I once thought that I needed a larger block size for large photo files. It was at home, on the home file name WD on the ARM architecture. Without hesitation, I set the block size to either 8k or 16k instead of the standard 4k, having previously measured the savings. And everything was wonderful exactly up to the moment when the storage itself did not fail, while the disk was alive. Having put the disk into a regular computer with a regular Intel processor, I got a surprise: unsupported block size. Sailed. There is data, everything is fine, but impossible to read. Processors i386 and the like do not know how to work with block sizes that do not match the size of the memory page, but it is exactly 4k. In general, the case ended with the use of utilities from user space, everything was slow and sad, but the data was saved. Who cares - google the name of the utility fuseext2

. Moral: either think through all the cases in advance, or not build yourself a superhero and use the standard settings for housewives.

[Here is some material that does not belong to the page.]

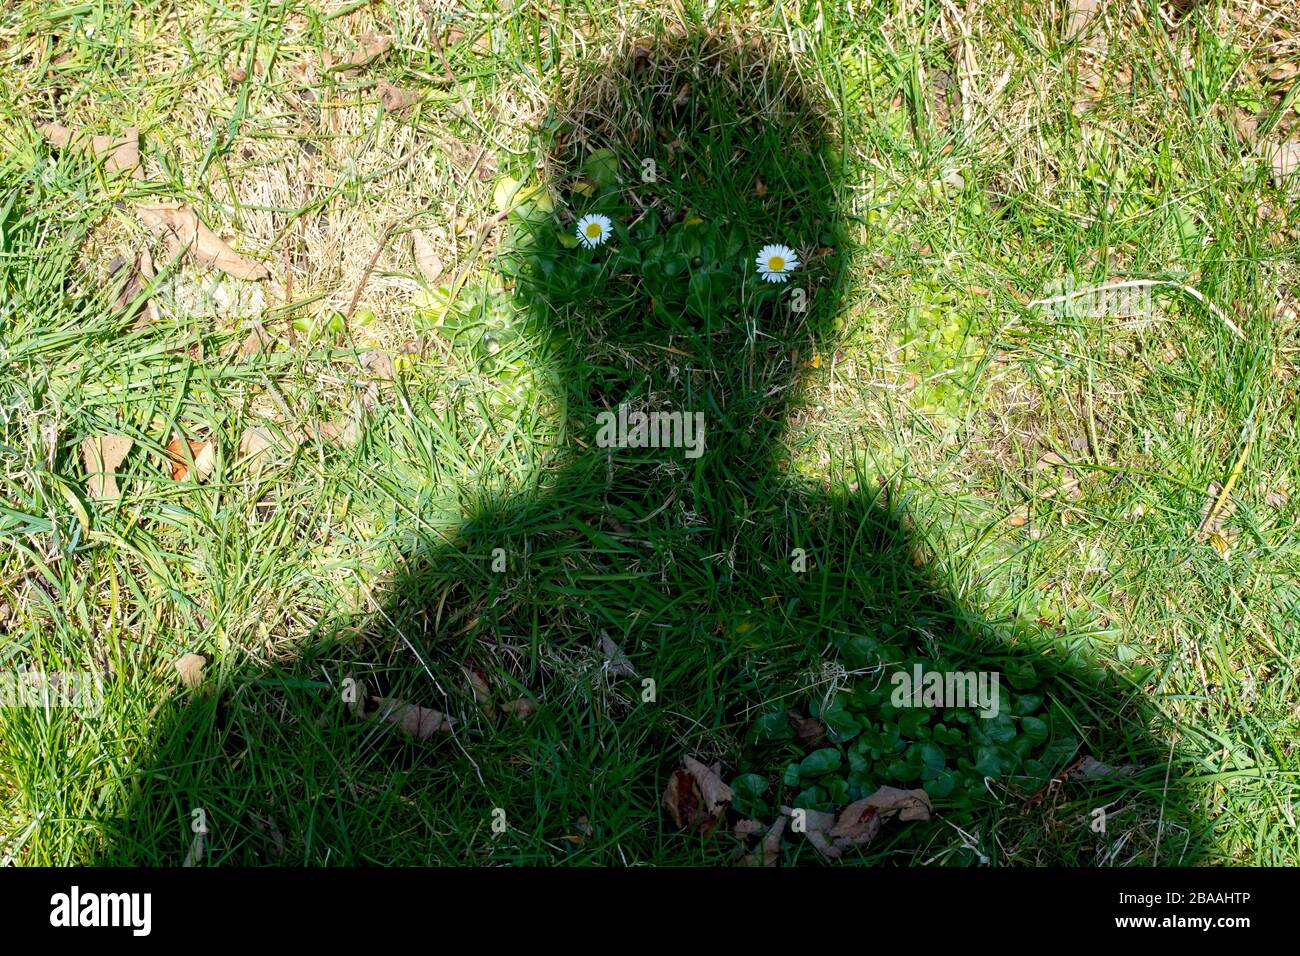 A shadowman, the result of a weird juxtaposition of objects and timing. He looks menacing and intimidatory or sad and furlorn, depending on your mood. Stock Photo
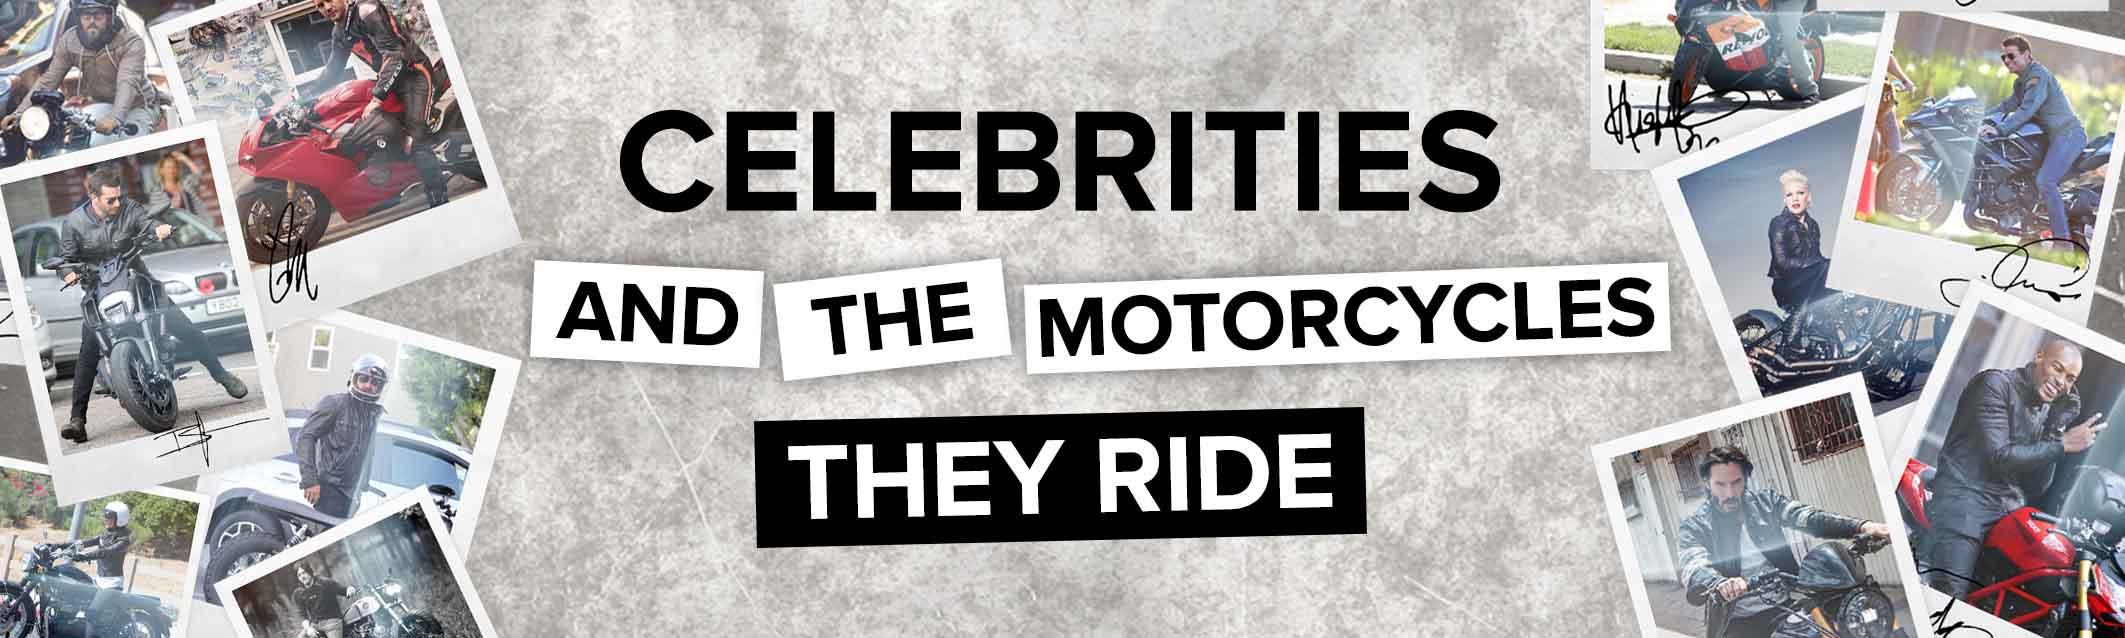 Celebrities and the motorcycles they ride banner

UPD. As noted by user berez, I clarify that for i386 the block size should not exceed 4k, but it does not have to be exactly 4k, i.e. valid 1k and 2k.

So, how we solved the problems.

Firstly, we encountered a problem when a multi-terabyte disk was full of data, and we could not redo the file system configuration.

Secondly, a solution was needed urgently.

As a result, we came to the conclusion that we need to change the balance by reducing the number of files.

To reduce the number of files, it was decided to put the files in one common archive. Given our specifics, we put all the files in one archive for a certain period of time, and archived cron task daily at night.

Selected a zip archive. In the comments to the previous article, tar was proposed, but there is one complication with it: it does not have a table of contents, and the files in it are thread-safe (for a reason, “tar” is an abbreviation for “Tape Archive”, a legacy of tape drives), i.e. . if you need to read the file at the end of the archive, you need to read the entire archive, since there are no offsets for each file relative to the beginning of the archive. And so this is a long operation. In zip, everything is much better: it has the same table of contents and file offsets inside the archive, and the access time to each file does not depend on its location. Well, in our case, it was possible to set the compression option to “0”, because all the files had already been compressed in gzip beforehand.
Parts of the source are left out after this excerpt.